Pictures stay out of the copy. Retype exactly, and only, the lines from the one containing "Esther Apraiz, irailean" through the end of the listing below.
[[ Source material, beginning ]]
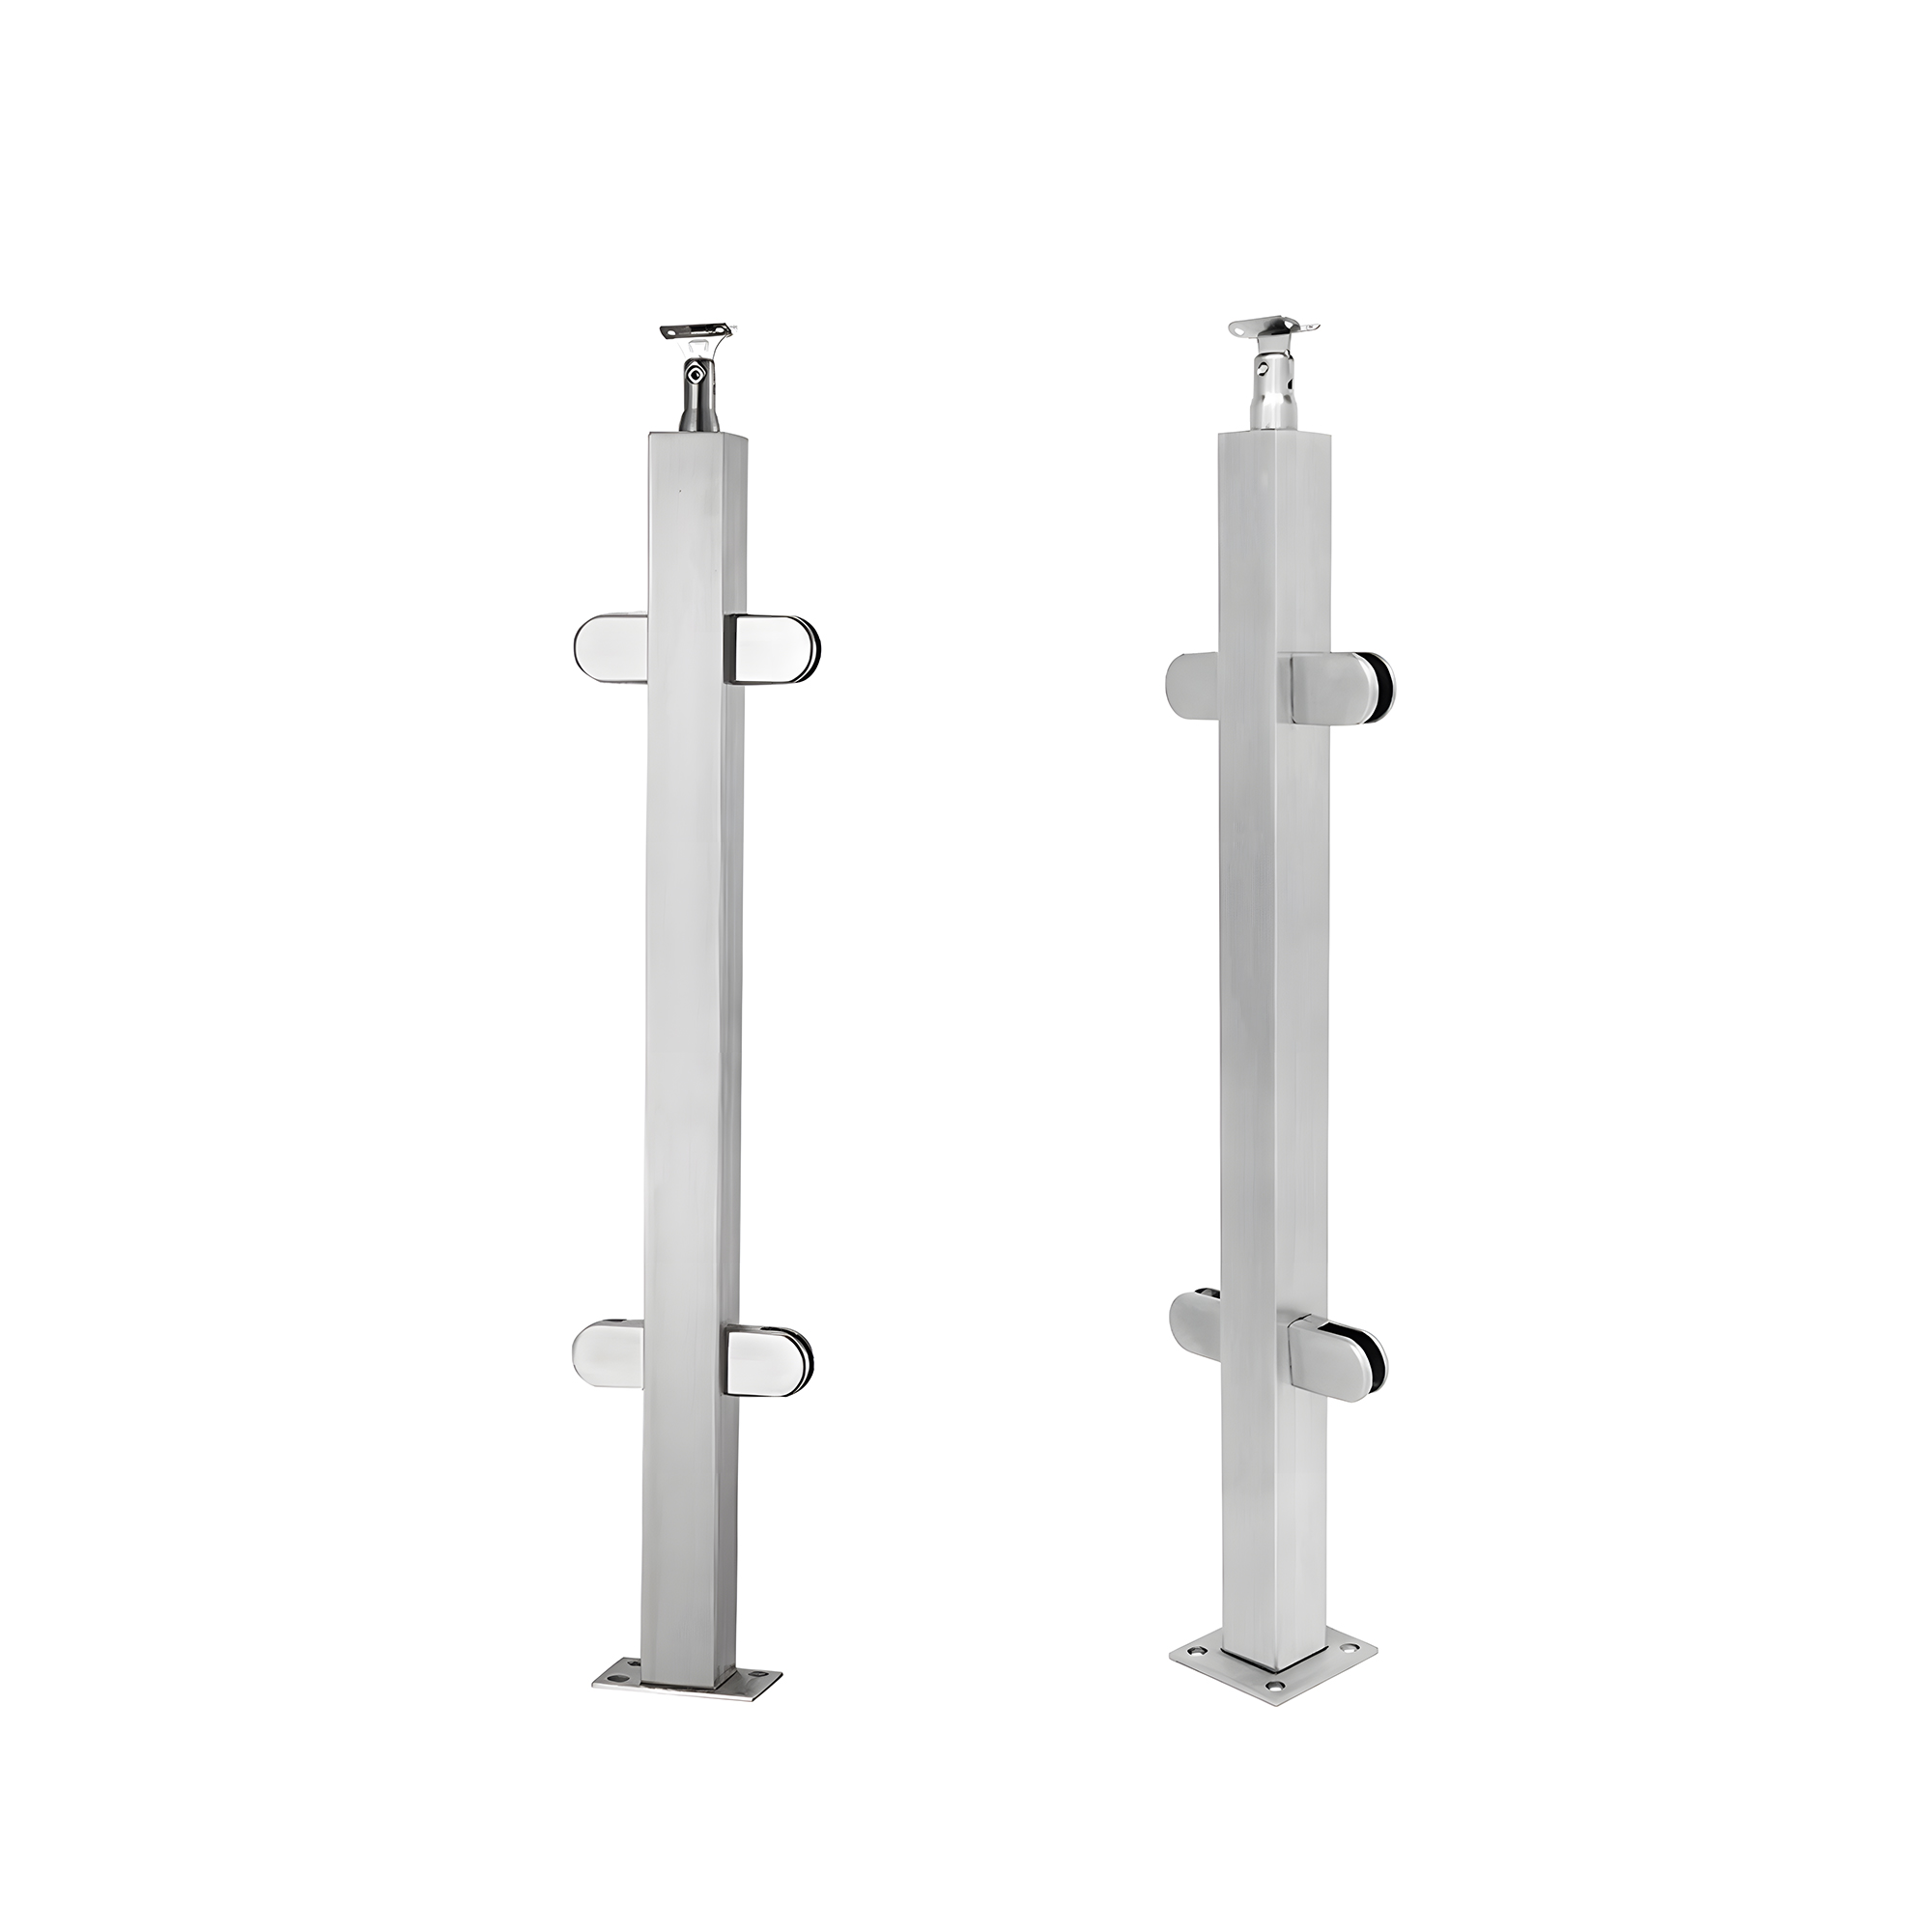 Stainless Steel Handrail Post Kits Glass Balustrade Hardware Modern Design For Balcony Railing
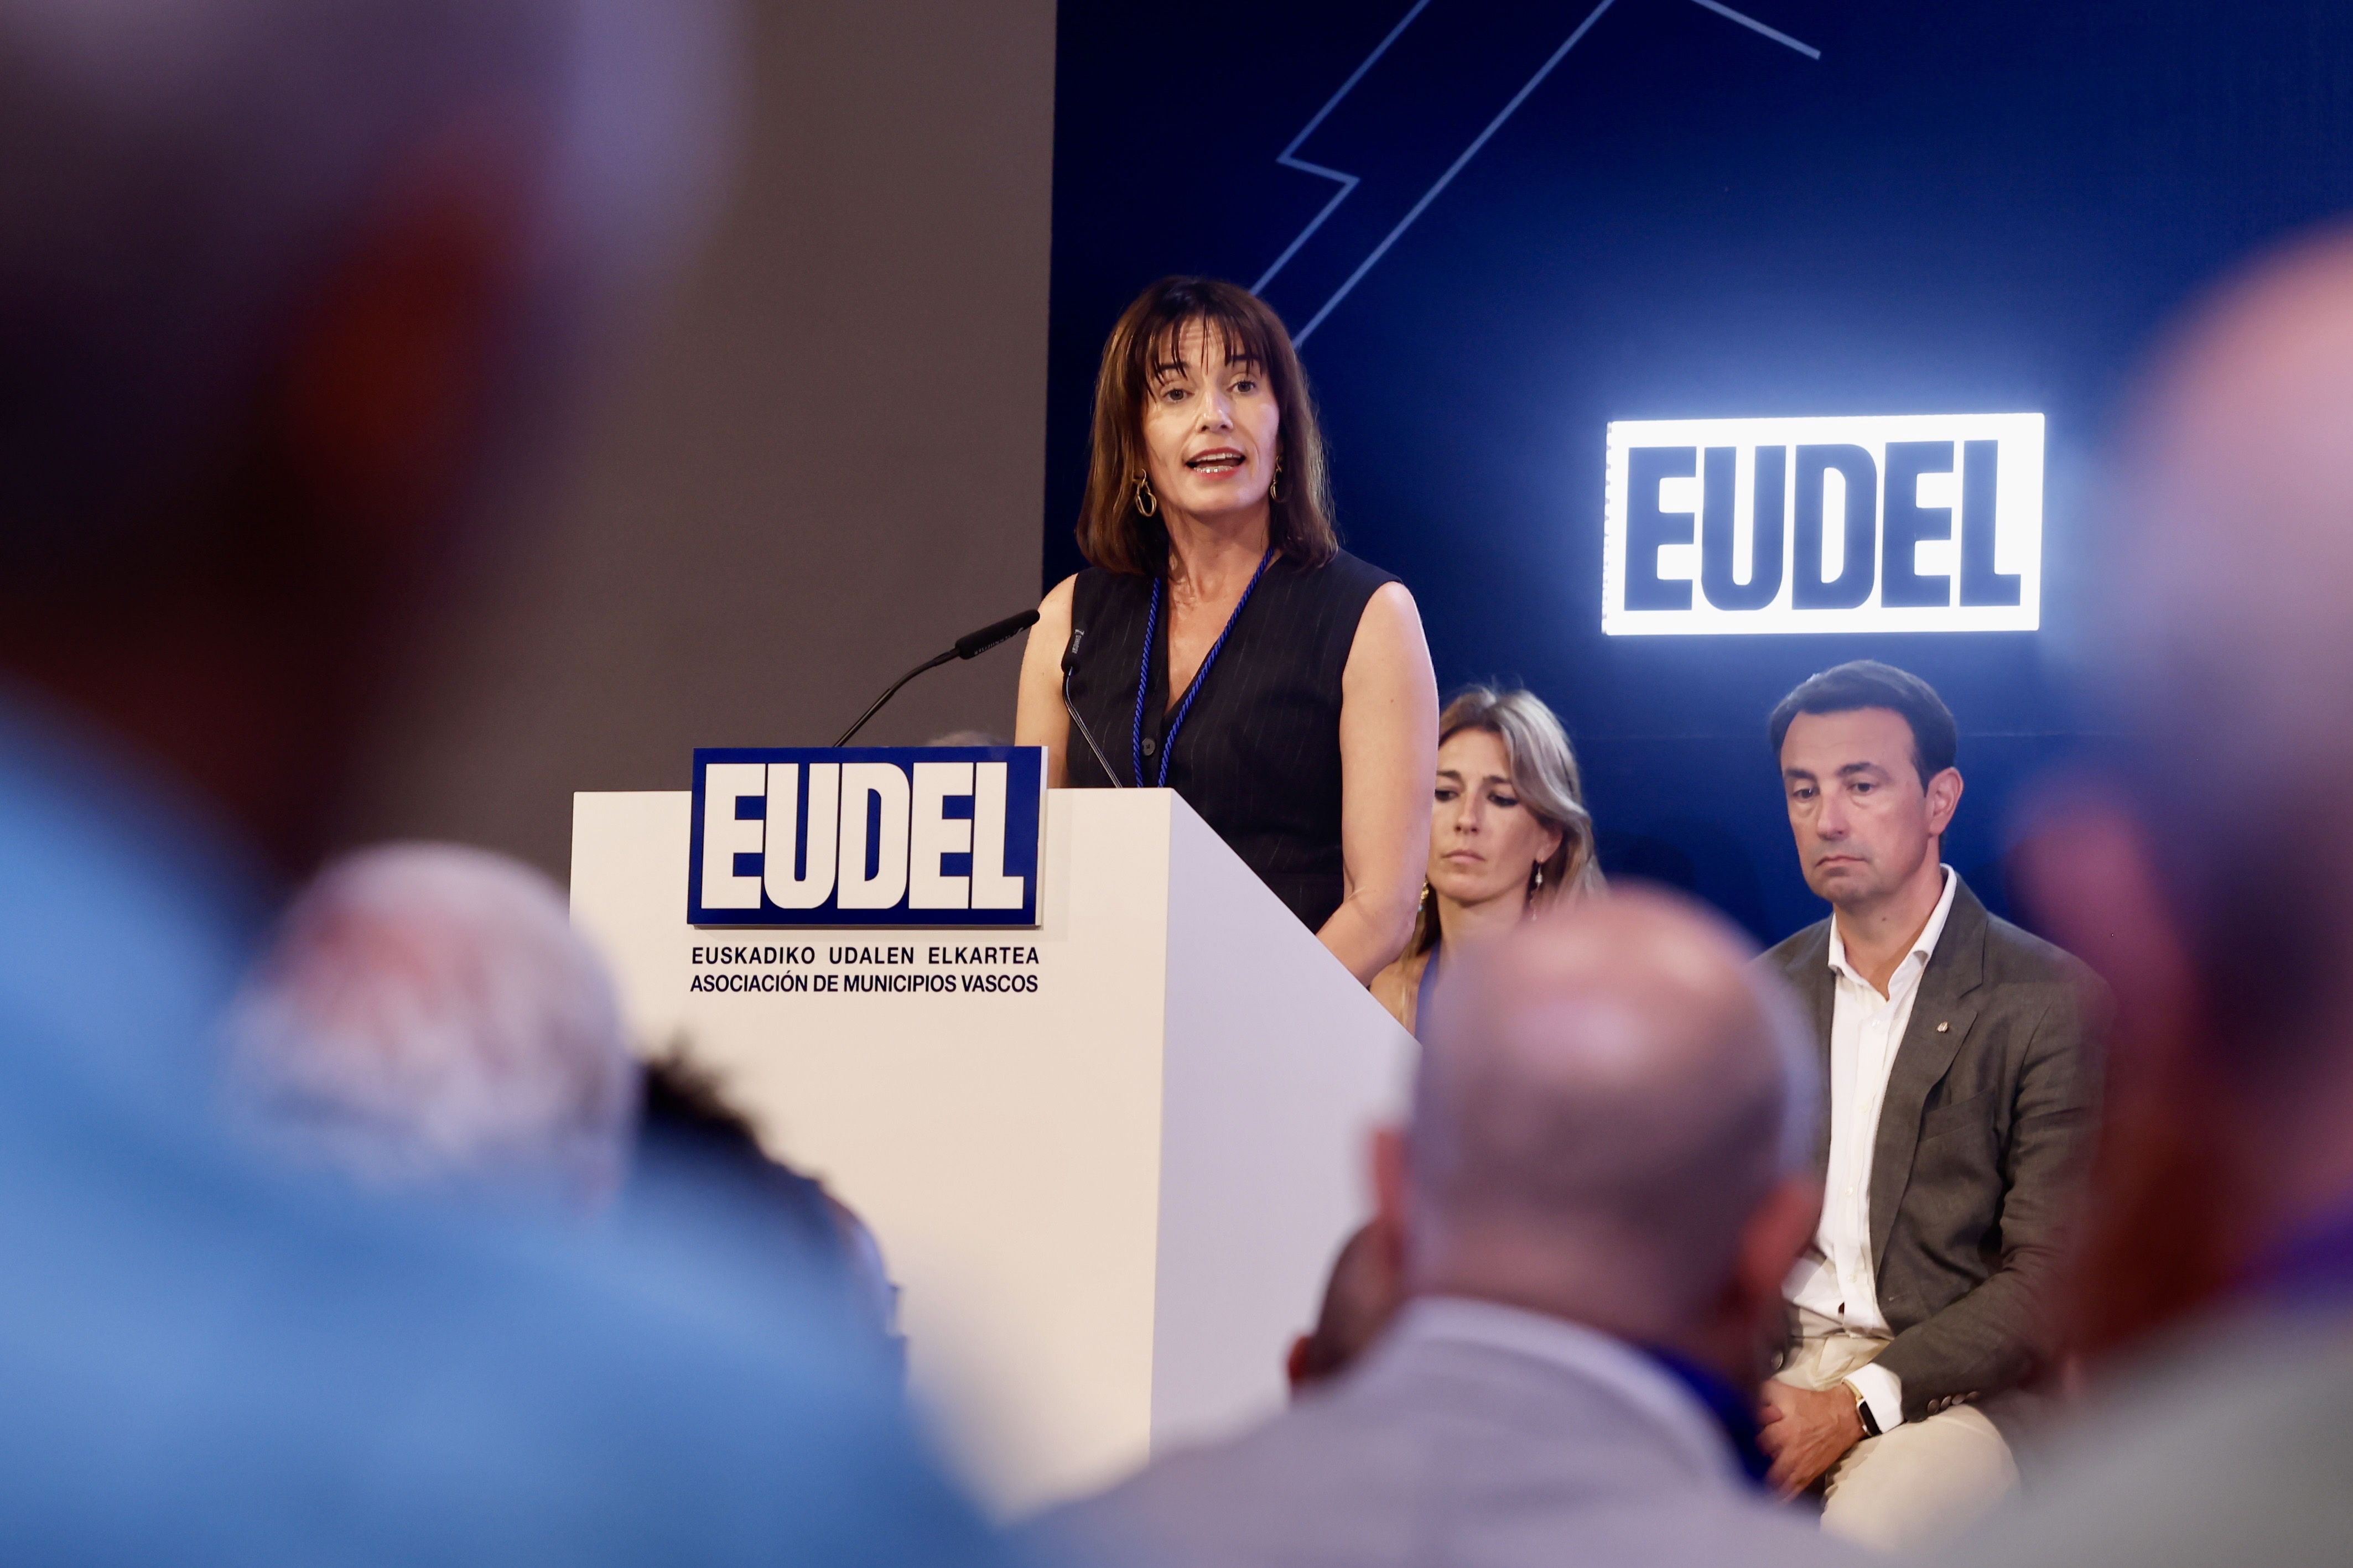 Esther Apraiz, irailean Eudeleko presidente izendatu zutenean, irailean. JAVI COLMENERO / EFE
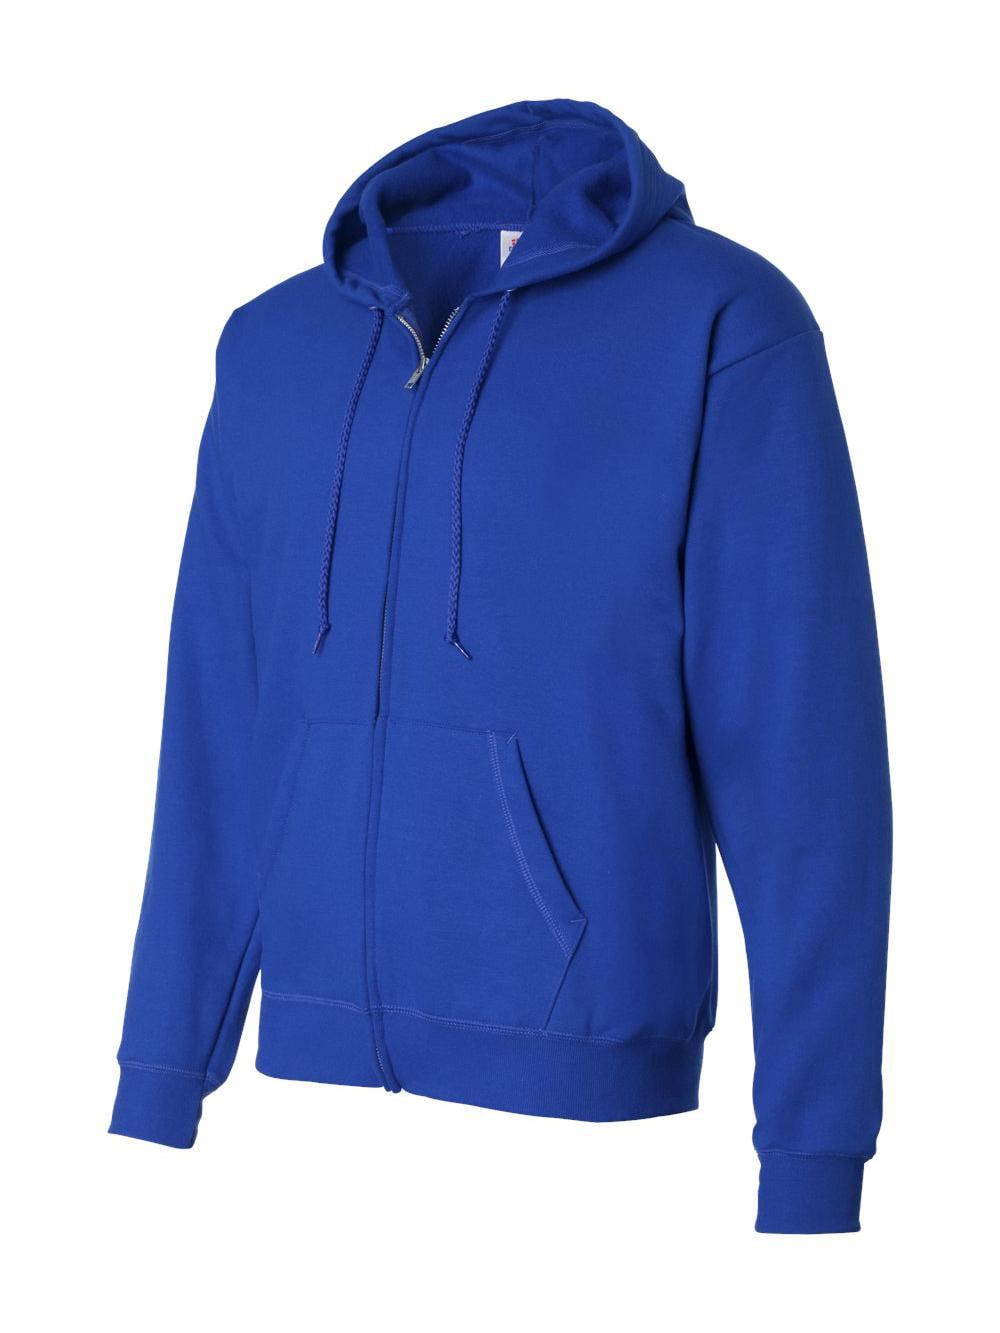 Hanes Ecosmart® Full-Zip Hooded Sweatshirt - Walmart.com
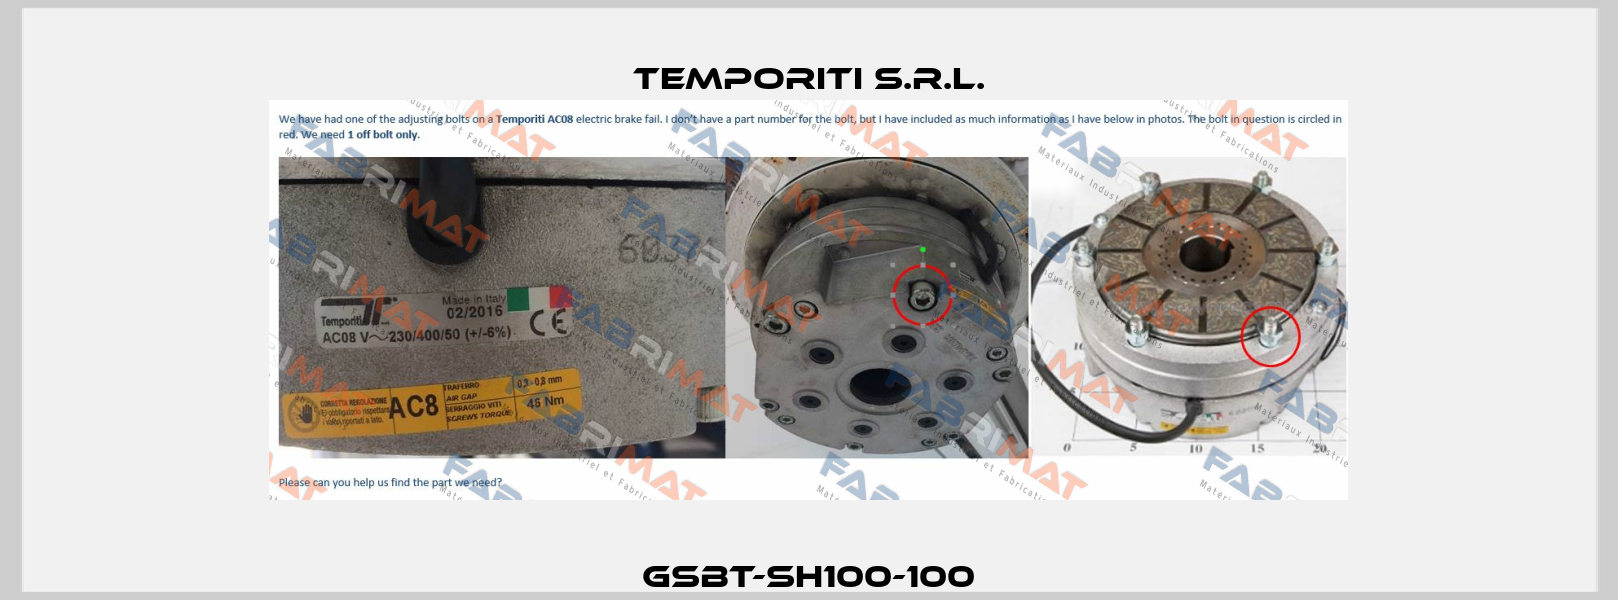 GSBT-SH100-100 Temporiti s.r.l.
[[ Source material, end ]]
** Exercise response **
 Esther Apraiz, irailean Eudeleko presidente izendatu zutenean, irailean. JAVI COLMENERO / EFE
 Hanes Ecosmart® Full-Zip Hooded Sweatshirt - Walmart.com
 GSBT-SH100-100 Temporiti s.r.l.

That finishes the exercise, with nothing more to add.